Used as: Division One  Level Three:
Refactorable numbers, originally discovered by Cooper and Kennedy in 1990 under the name of "Tau numbers", were among the first sequences (re)discovered by a computer (by Colton). This problem turned out to be far easier than it had been thought during testing, as many competitors (including ACRush) proved with their high submission rate. The strategy involves using a number sieve to count the factors of each number, similar to the Sieve of Eratosthenes. We create an array called tau, where tau[n] stands for the number of divisors of n.

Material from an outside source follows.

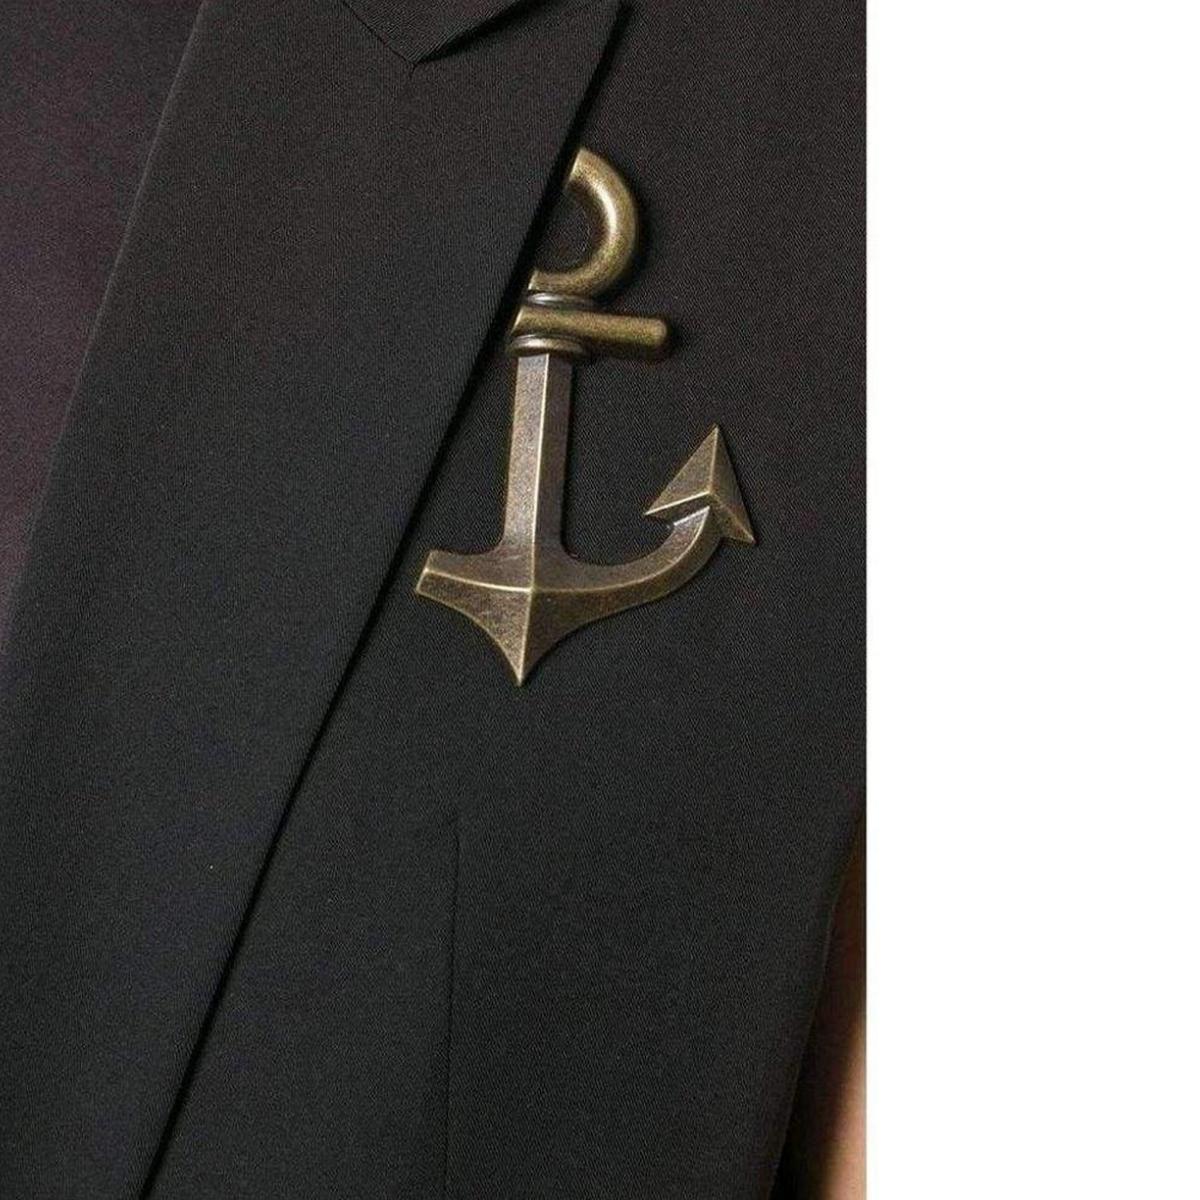 Pinned Anchor Emblem Vest

We then go from 1 to n, and for each number, increment the count of all multiples of that number. Once this is done, we can simply loop through all of the numbers from low to high, and pick up any values that were missed. The solution by ACRushserves to run very quickly, and is sufficient for the constraints. Similarly, one can use the strategy employed by Petr. Using some basic information on prime numbers, he calculates the number of factors based on the prime factorization. A modification to his solution can count all refactorable numbers under 10 million in 1 second.